Okay, I admit it, in order for me to read any printed material with ease, I have to wear glasses. I am overdue for my next eye exam and afraid the prescription will be bumped significantly. However, I felt that my distance vision was copasetic.

When I manually focused on the vertical part of the image below, I swear to you that it looked pin-sharp in the viewfinder. As you can see, it's not. So the question is should I be wearing my glasses (ugggghhh) or will a change in the diopter (??) of the viewfinder (Nikon D80) remedy the problem.

This was taken with a Nikkor 300mm f/4 and a TC17 attached. The subject was _approx_ 75ft / 23M away.  Tripod and remote release used as well.







Thanks


----------



## itoncool (Nov 24, 2007)

Almost every time when I'm working I wear soft lens, because it's more convenient and practical to me, so I don't need to change the diopter. 
But, when I wear my glasses, I don't change the diopter either. Looking at the real situation then viewing through the viewfinder is faster this way.

Faster than looking with your glasses then take off your glasses first before viewing through the viewfinder.
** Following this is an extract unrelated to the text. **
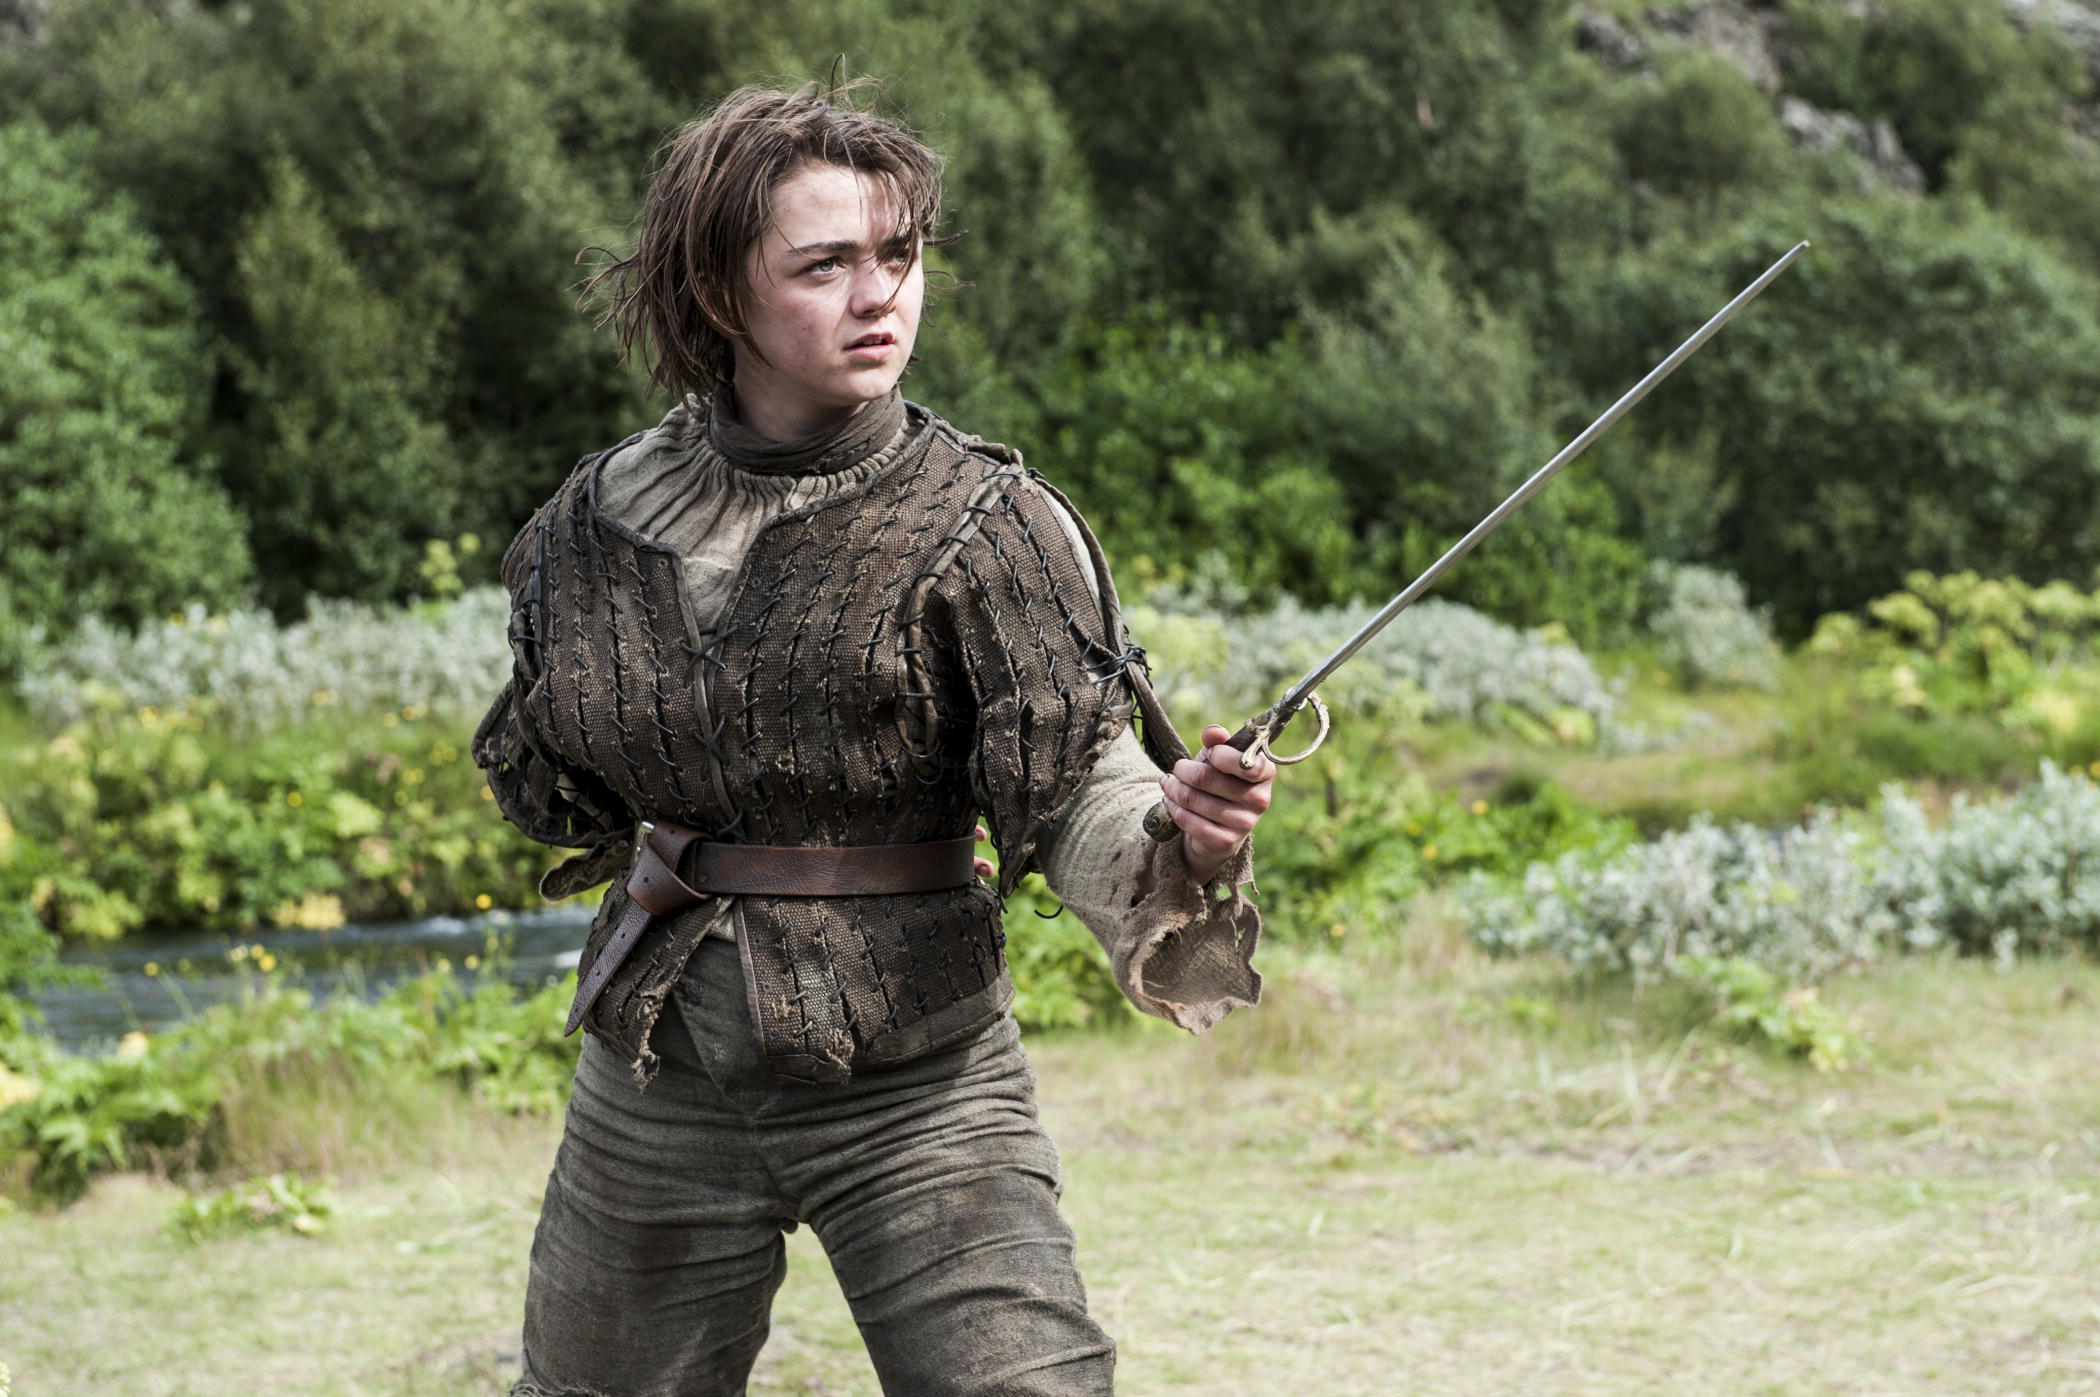 Let’s Talk About the Children: War and the Loss of Innocence on ‘Game of Thrones’

Most of the time you have to repeat this flow before capturing the picture.

If you still able to see without glasses then adjusting the diopter  might be suitable for you, but with -3.00 each eye I see only blurry out of focus image without my glasses on.


----------



## miltphoto (Nov 24, 2007)

I adjust the diopter with my glasses on,sometimes it helps.


----------



## kundalini (Nov 24, 2007)

It's difficult for me to remember to bring the blasted things.  It's not vanity, more of a case of inconvenient truth.  I have lost several pairs of reading glasses when I remember to take them along for the ride.  My prescriptions don't leave my desk.
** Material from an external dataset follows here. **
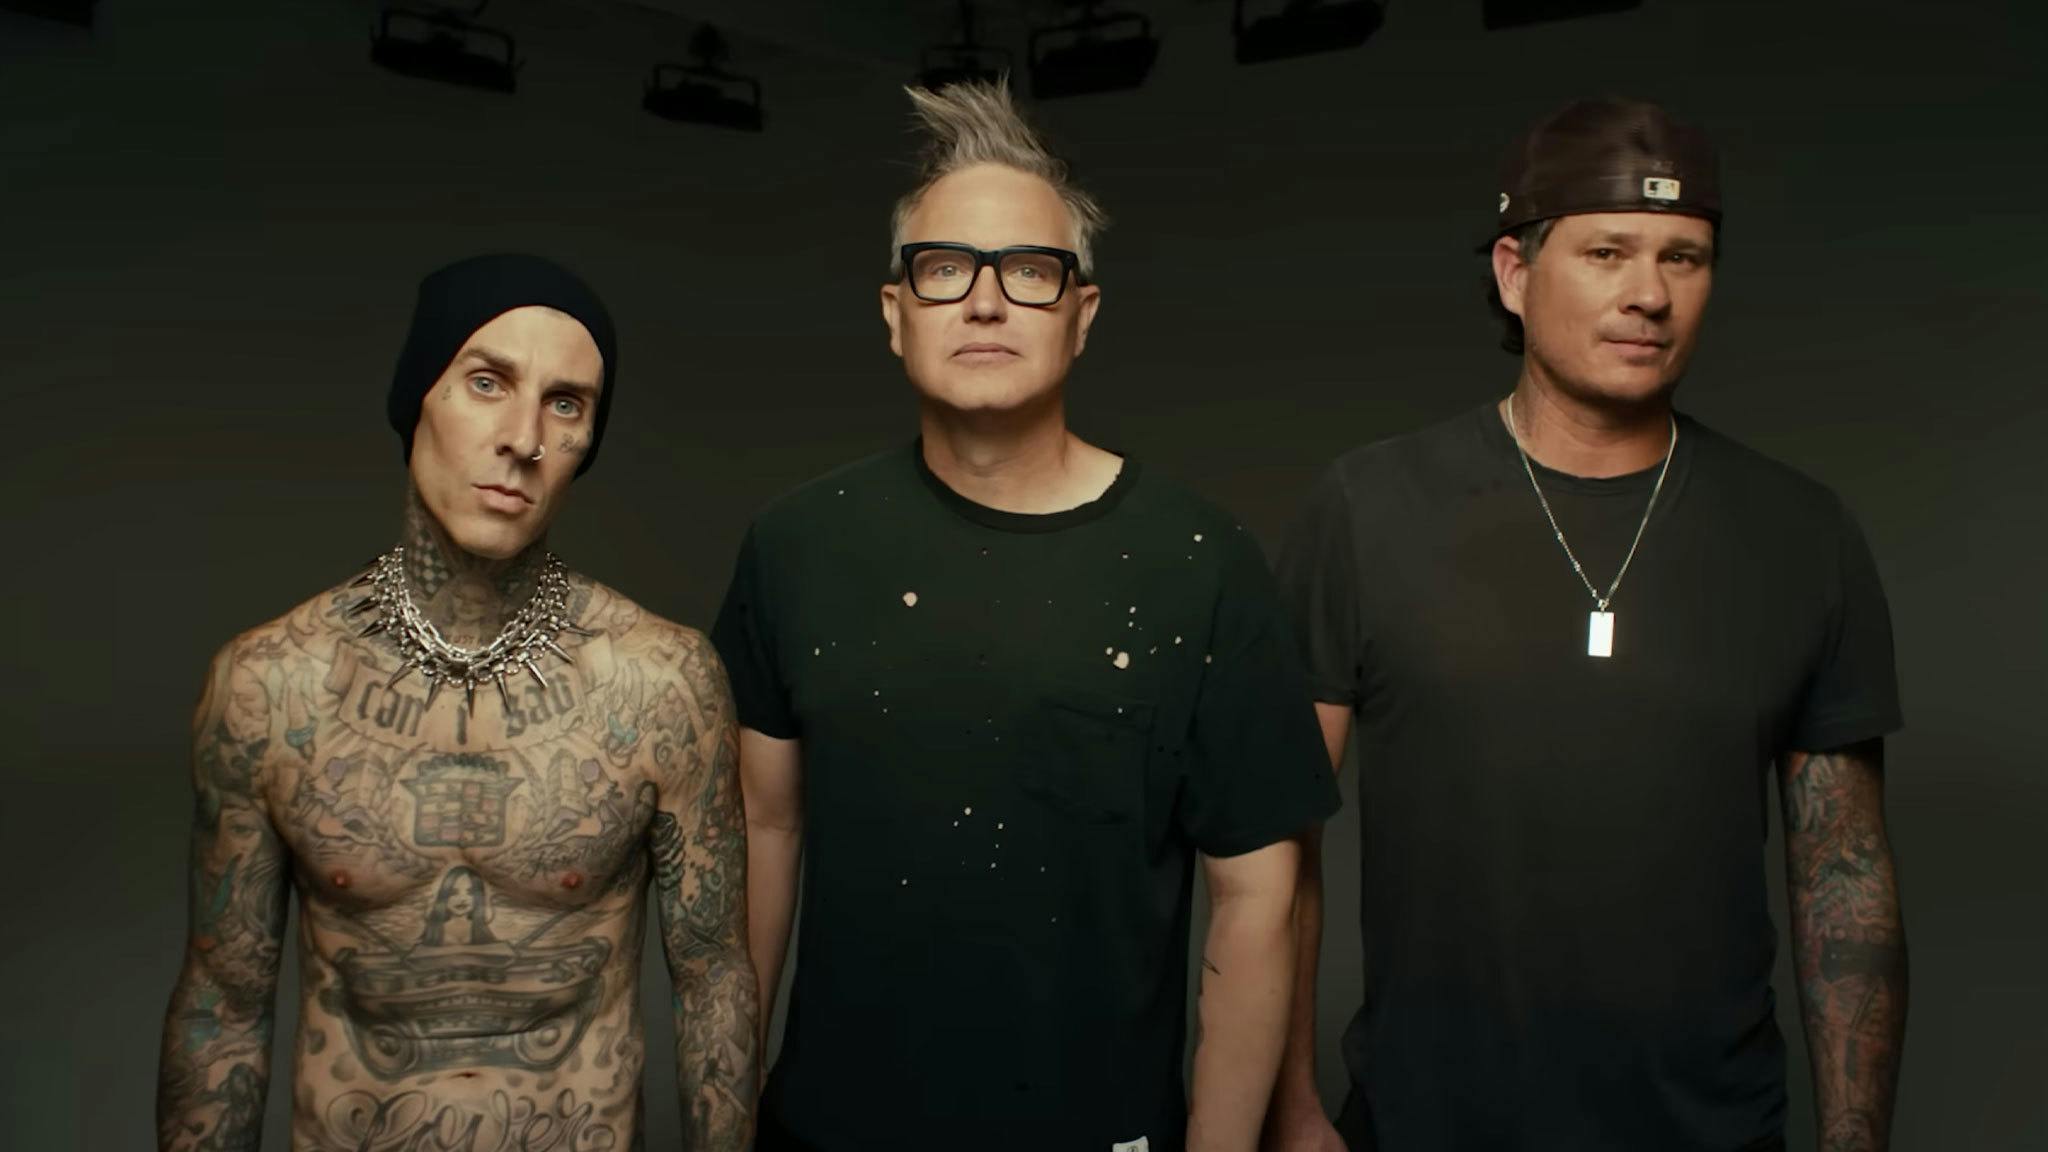 Tom DeLonge says the new blink-182 album is imminent: “We are finally here”

Thanks itoncool and milphoto.

Surely I'm not in this boat alone.  Anybody else?


----------



## Offbeat (Nov 24, 2007)

I was told that your set it to what you prescription is for you eyesight.

Just found this actually...

[SIZE=-1]www.nikonmall.com/buynikon_assets/Eyepiece_Compatibility_Chart_040917.pdf

I hate having to use my glass' when using my camera.
[/SIZE]


----------